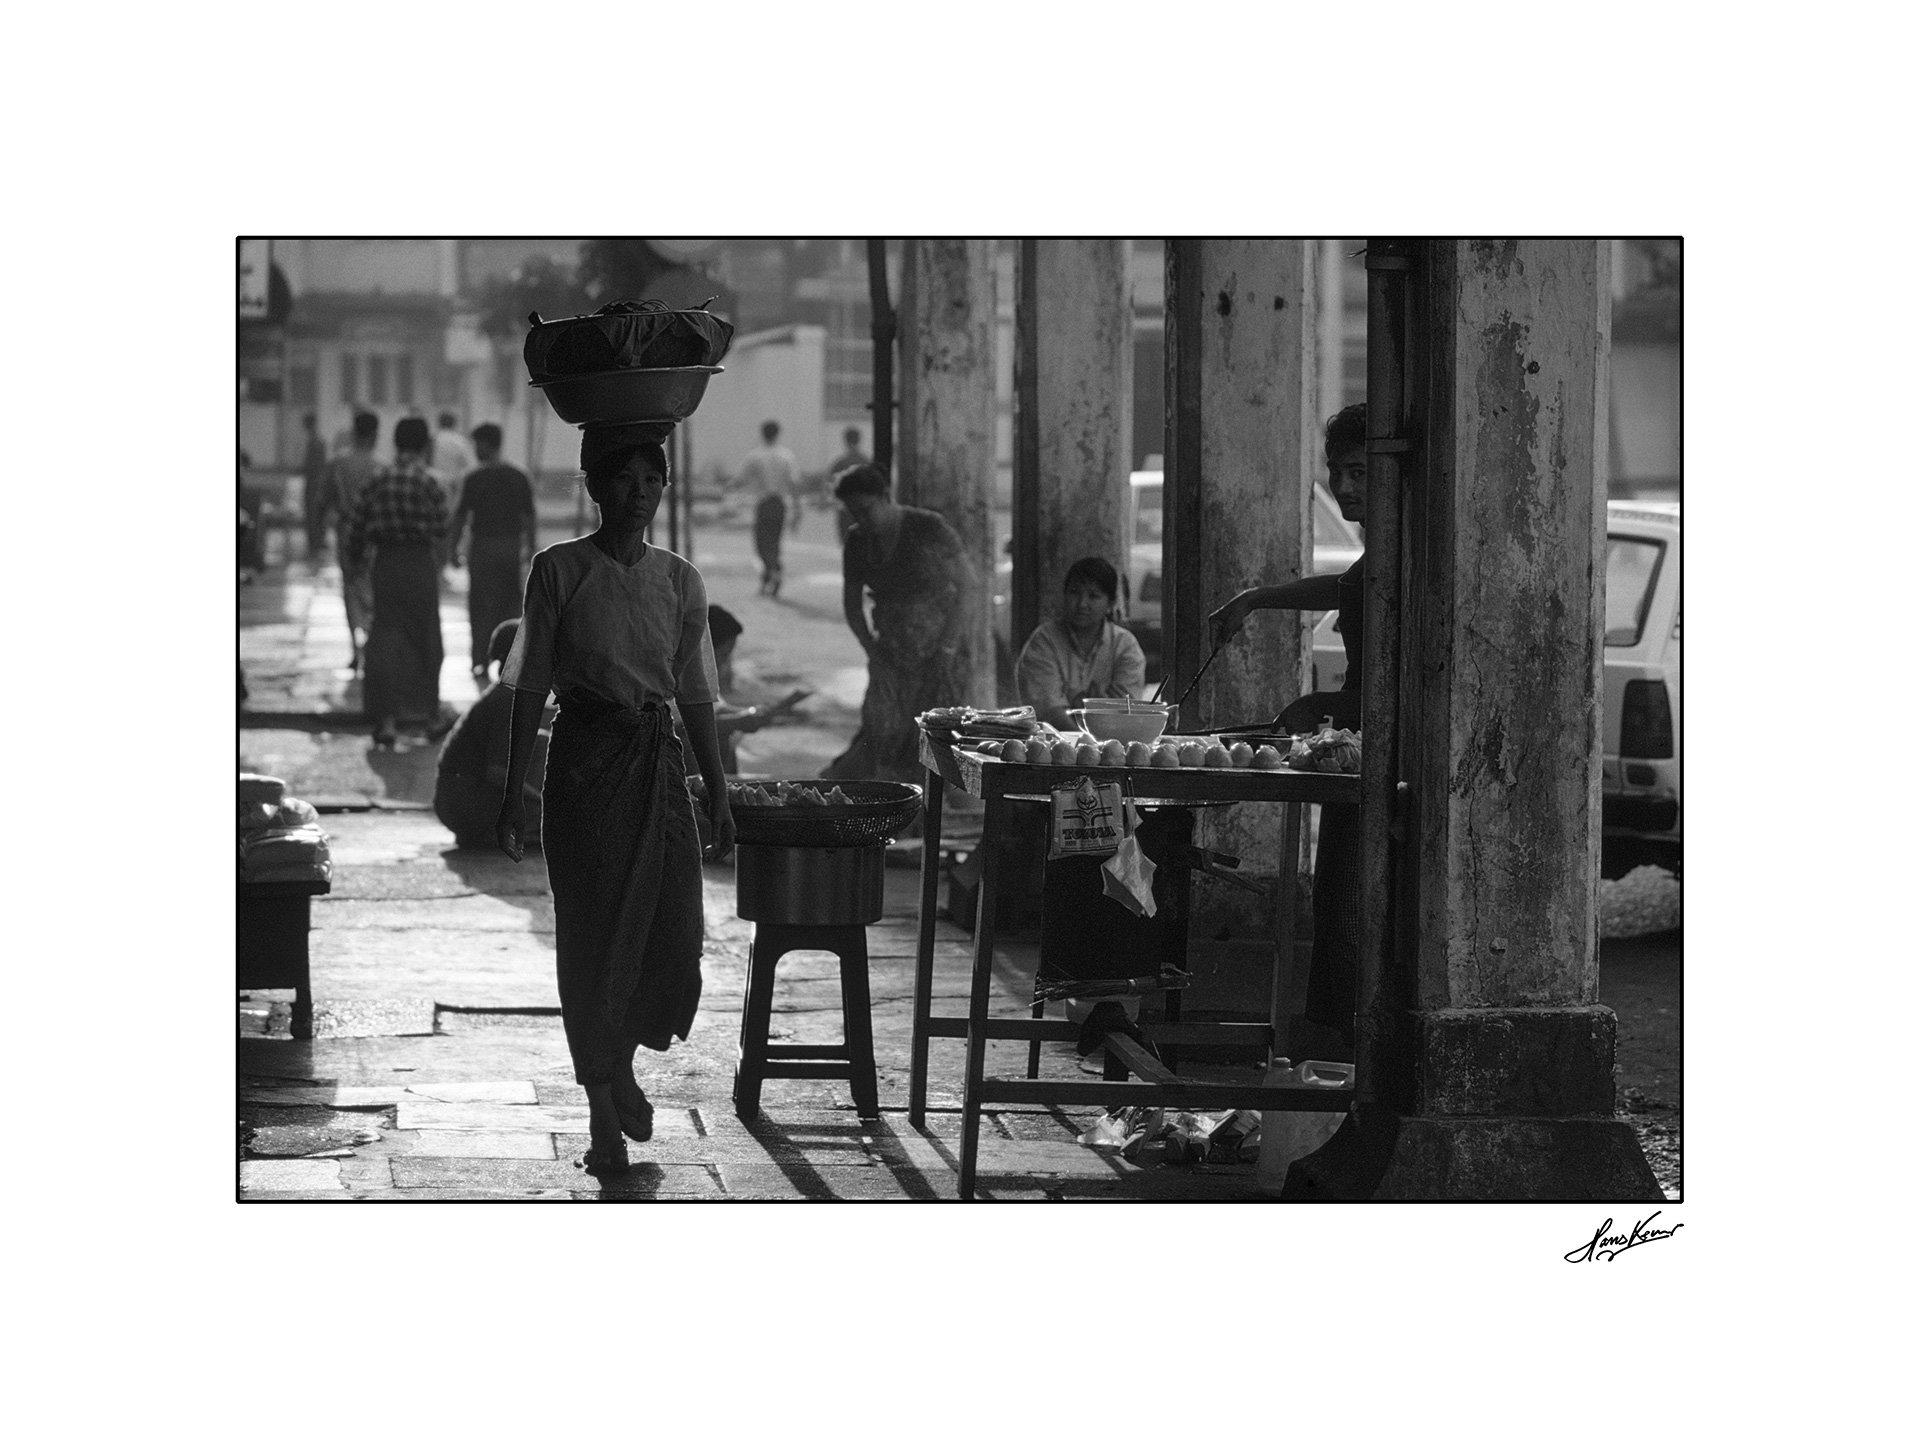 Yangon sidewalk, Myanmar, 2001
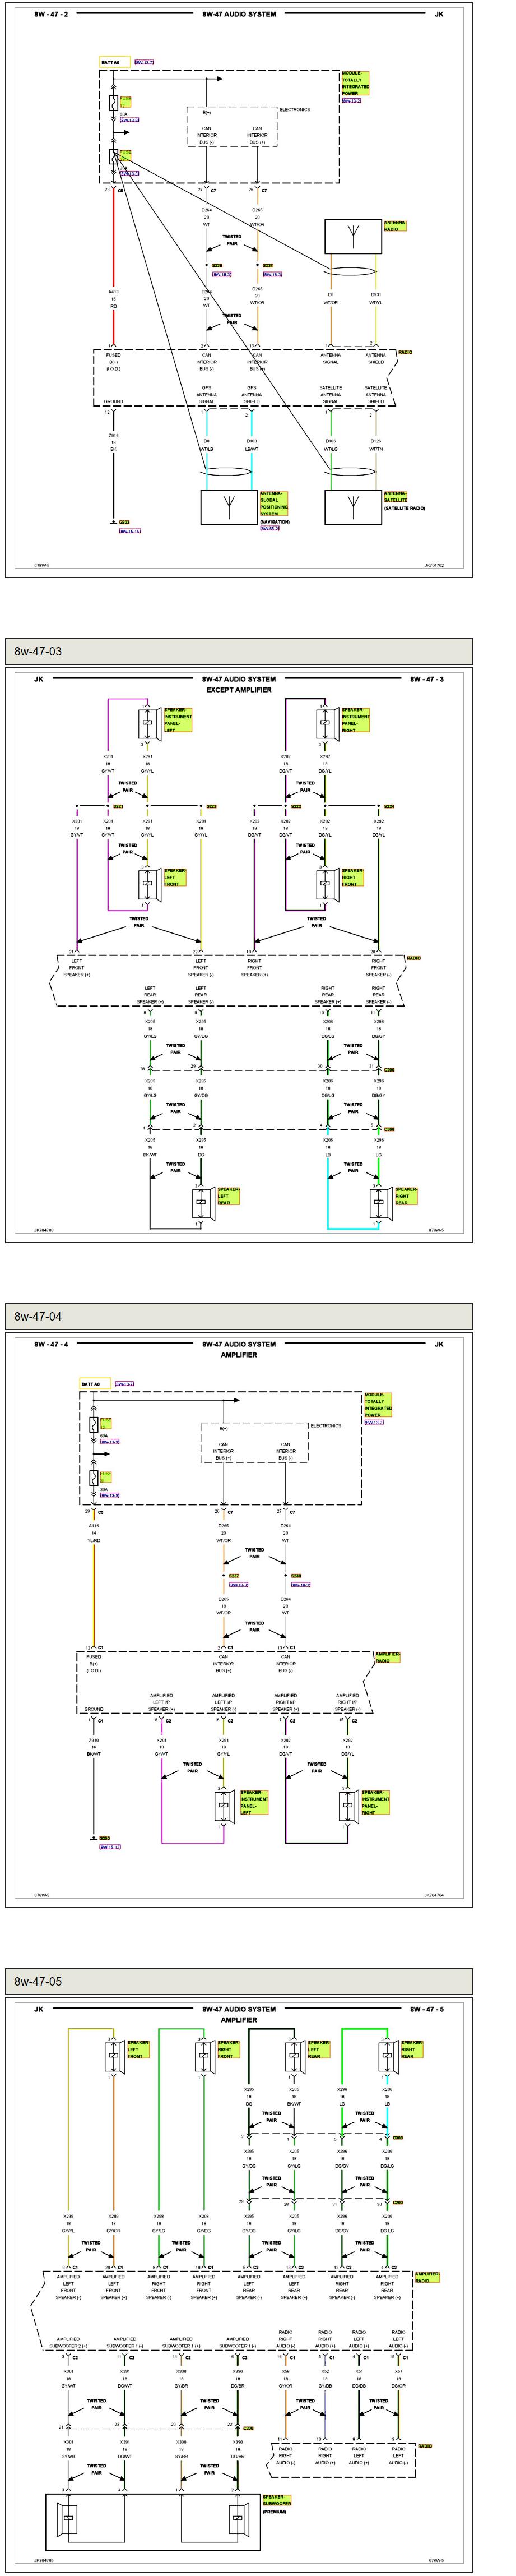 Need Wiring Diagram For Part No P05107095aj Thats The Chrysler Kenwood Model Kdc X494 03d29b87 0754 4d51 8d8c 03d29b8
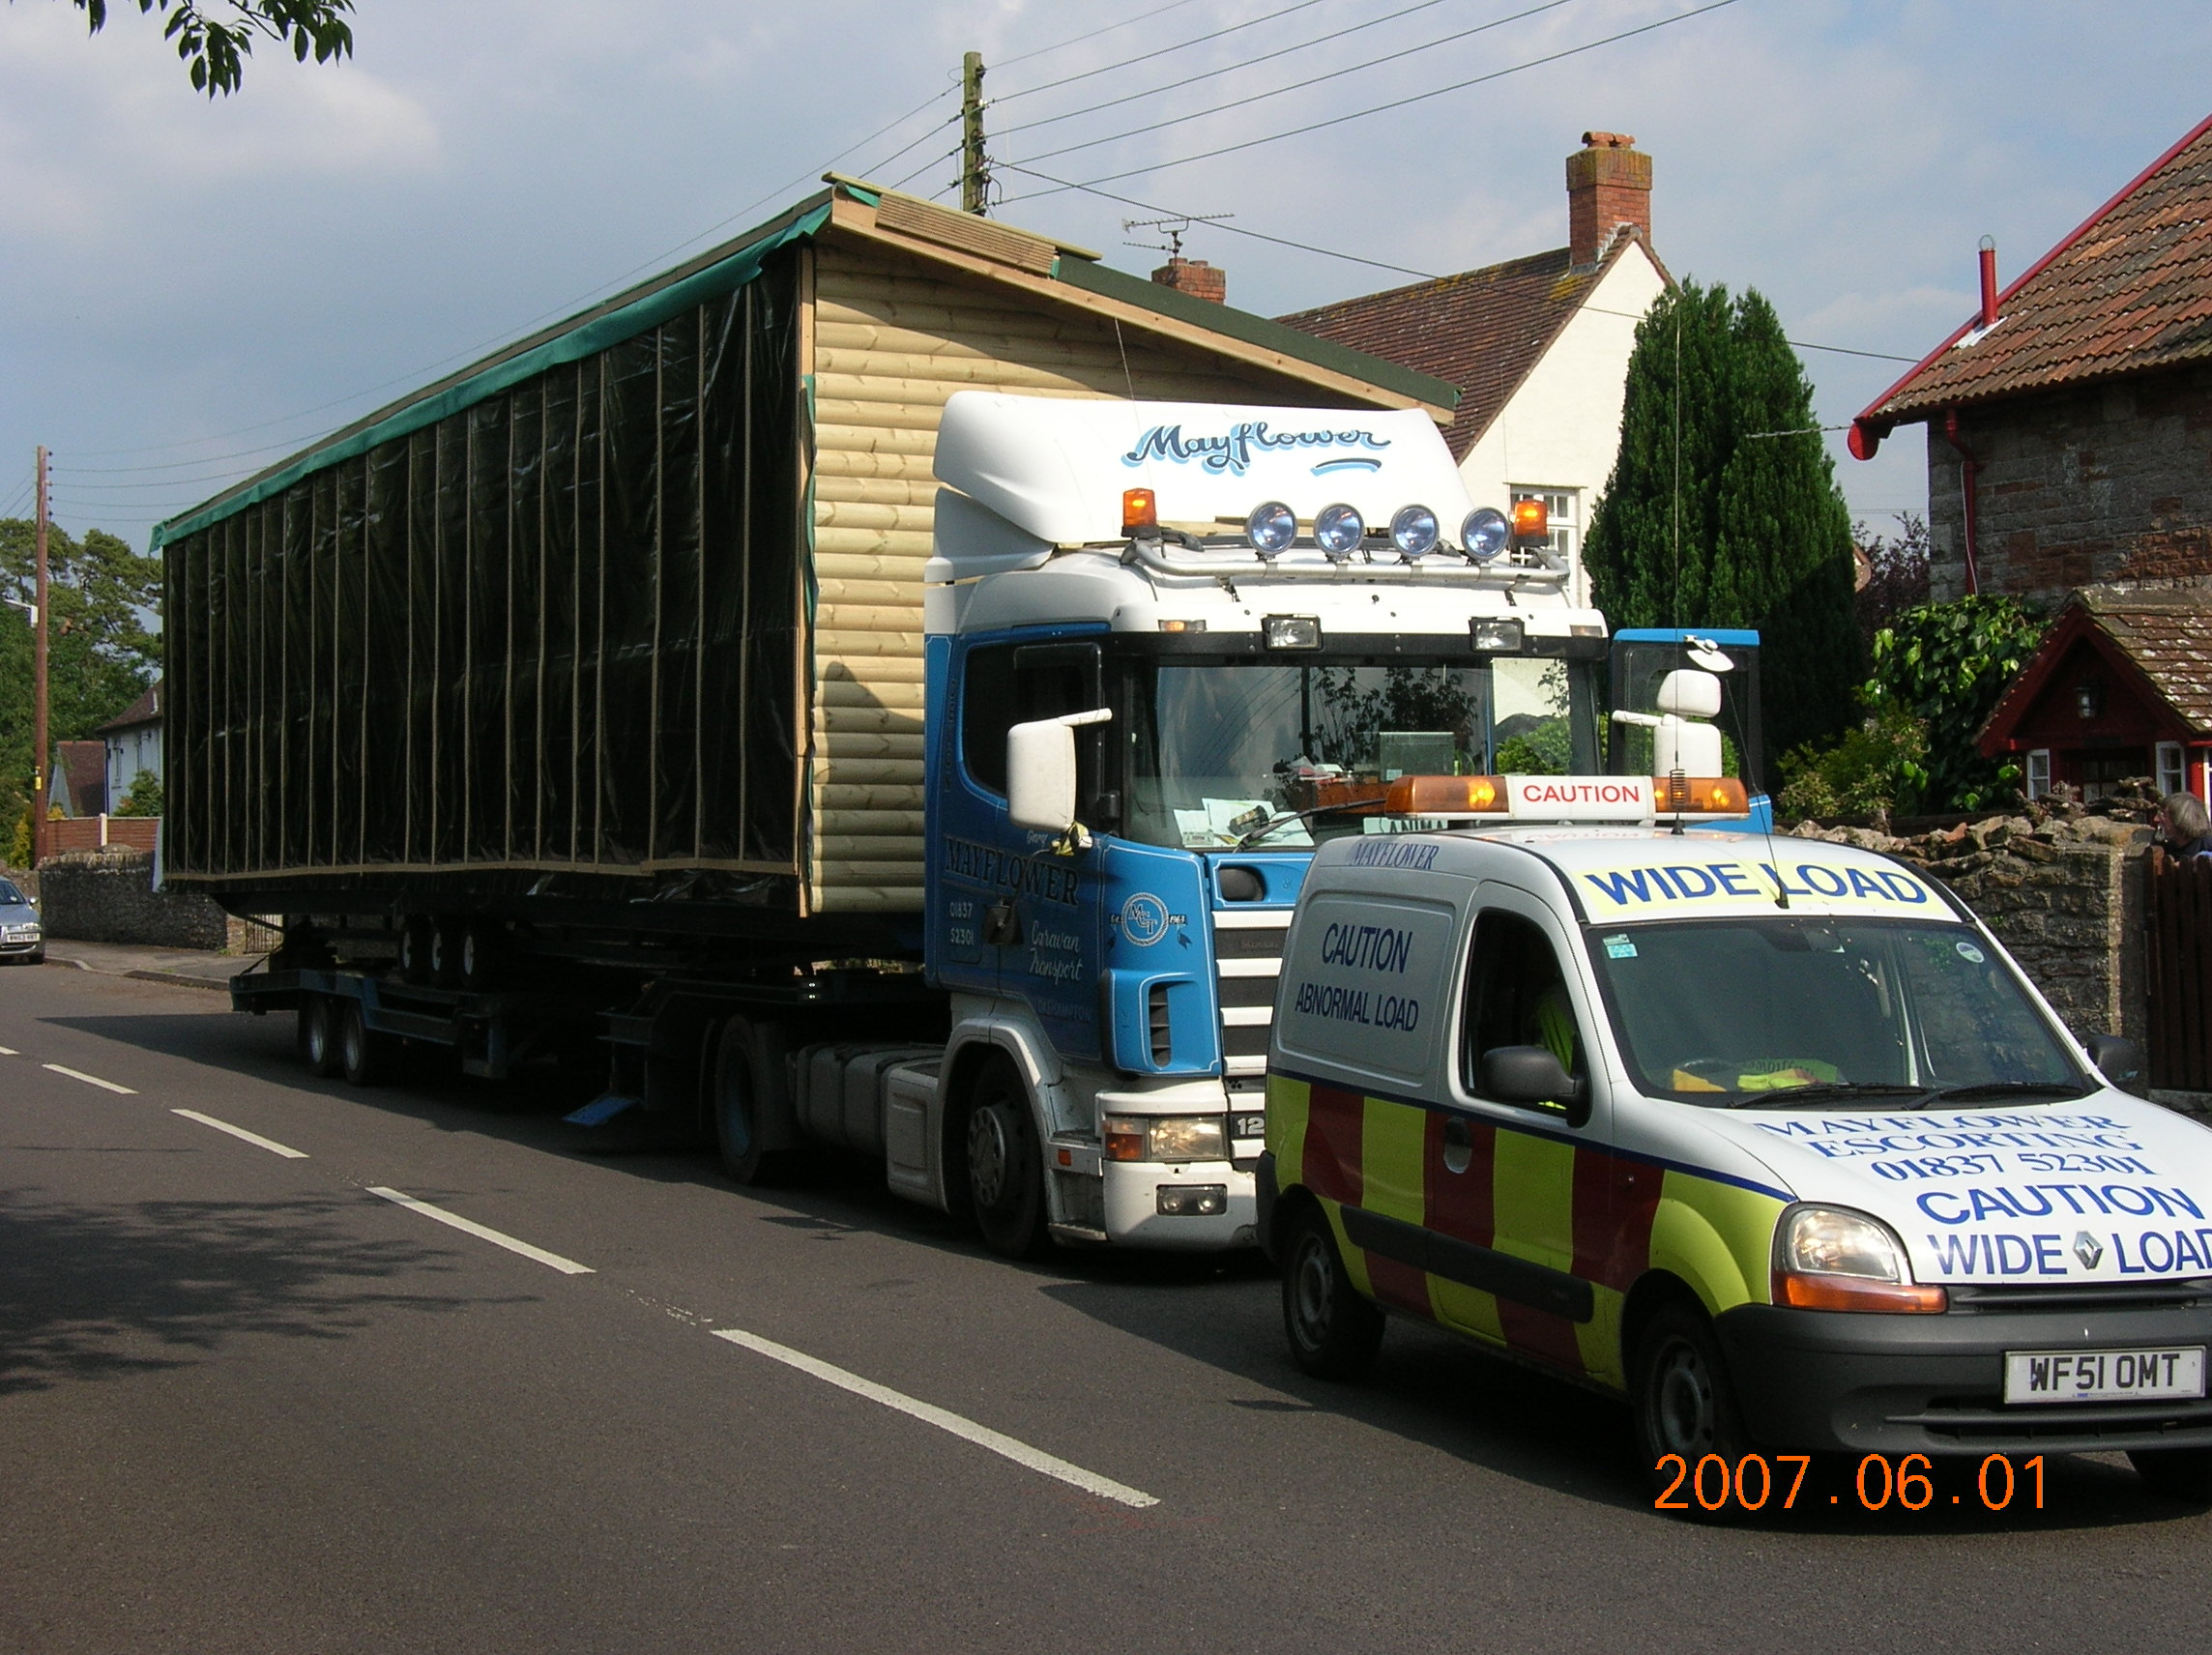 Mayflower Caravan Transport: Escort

### Task details
The expected output is the material above, repeated exactly and free of pictures.

### The completed task
 Yangon sidewalk, Myanmar, 2001
 Need Wiring Diagram For Part No P05107095aj Thats The Chrysler Kenwood Model Kdc X494 03d29b87 0754 4d51 8d8c 03d29b8
 Mayflower Caravan Transport: Escort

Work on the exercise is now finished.